There were no typical seats, a pull-out table, or luggage racks in the carriage. Instead, there was a made-up bed with his beloved blanket. On a low nightstand was a lamp, which reminded him of the last night spent at home when a bulb in the lamp burned out. Now, as if nothing had happened, it was spreading around calm, warm light. The same wallpapers were glued to the walls, and there was an ink train silhouette about a meter above the bed, which he had once drawn out of boredom.
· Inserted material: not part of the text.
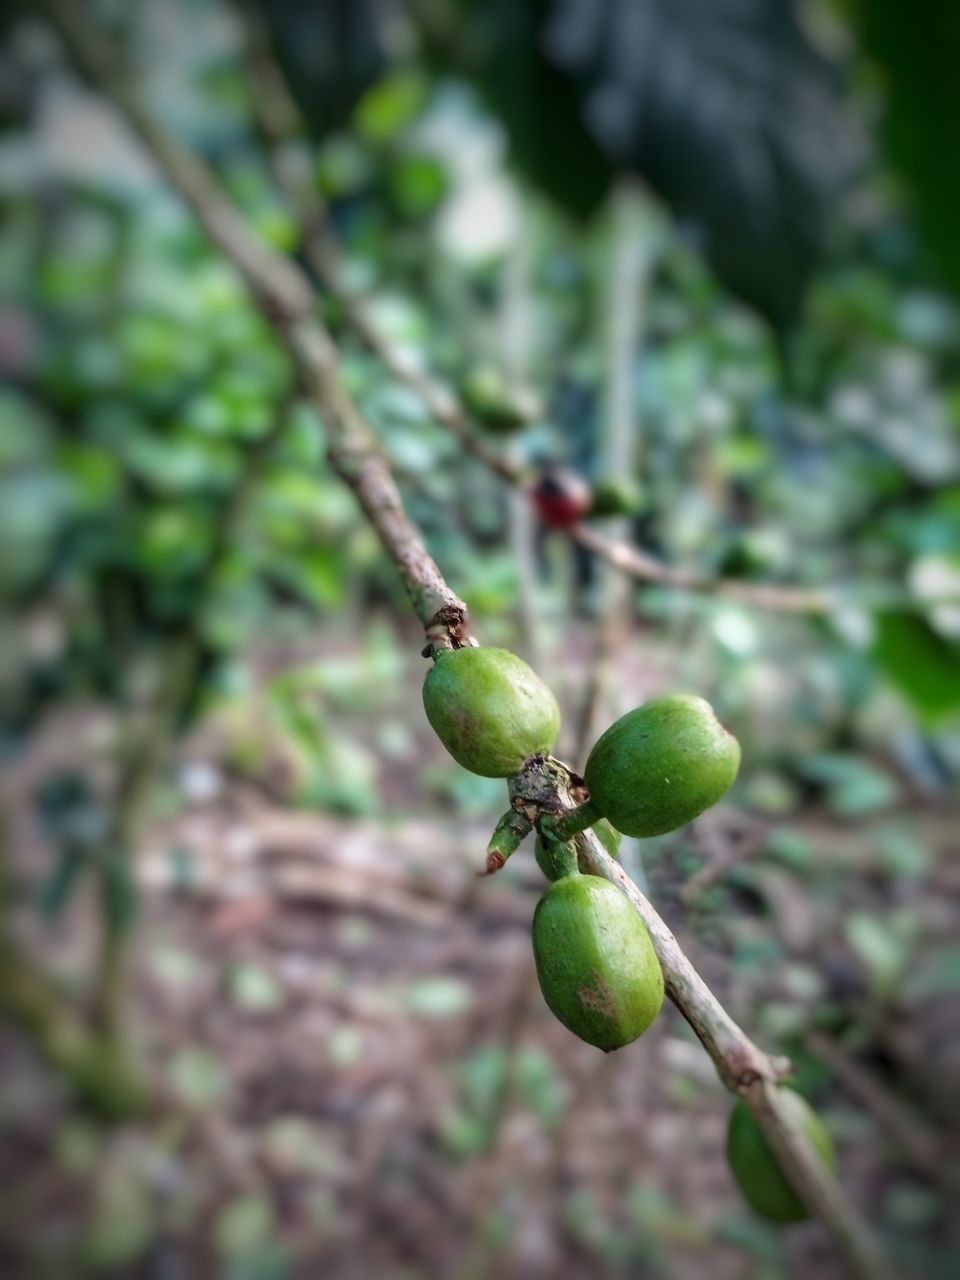 fruit, food, food and drink, healthy eating, plant, tree, green, growth, branch, freshness, focus on foreground, nature, no people, agriculture, leaf, produce, close-up, flower, wellbeing, plant part, day, outdoors, unripe, olive, beauty in nature, fruit tree, ripe, selective focus, land, twig, olive tree

Theo couldn’t understand what was happening. He clearly knew that he was not at home, but everything around seemed to be real: he could walk up and touch every object. And that’s exactly what he did. He dropped the patty. And then he began to turn the whole room upside down; first, timidly, and then, like a madman. He tried to find at least some difference, a proof that it was just a trick his tormented imagination was playing on him. In a desperate impulse he pulled up the curtain, hoping to see in front of him a meadow where the carriage stood. But outside the window was an awfully familiar landscape: a playground in the yard, his old bicycle, and the road which he walked down to school every day. Theo let out an unintentional cry. His head began spinning, and he dumbfoundedly drew the curtain back, tearing the edges off. For a moment he stood still until he found the strength to jump out of the train to compare the landscape he saw through the window with what was really happening outside.
The tall grass was rustling quietly preparing for the night to fall: the crickets began to swarm in it, echoing with each other.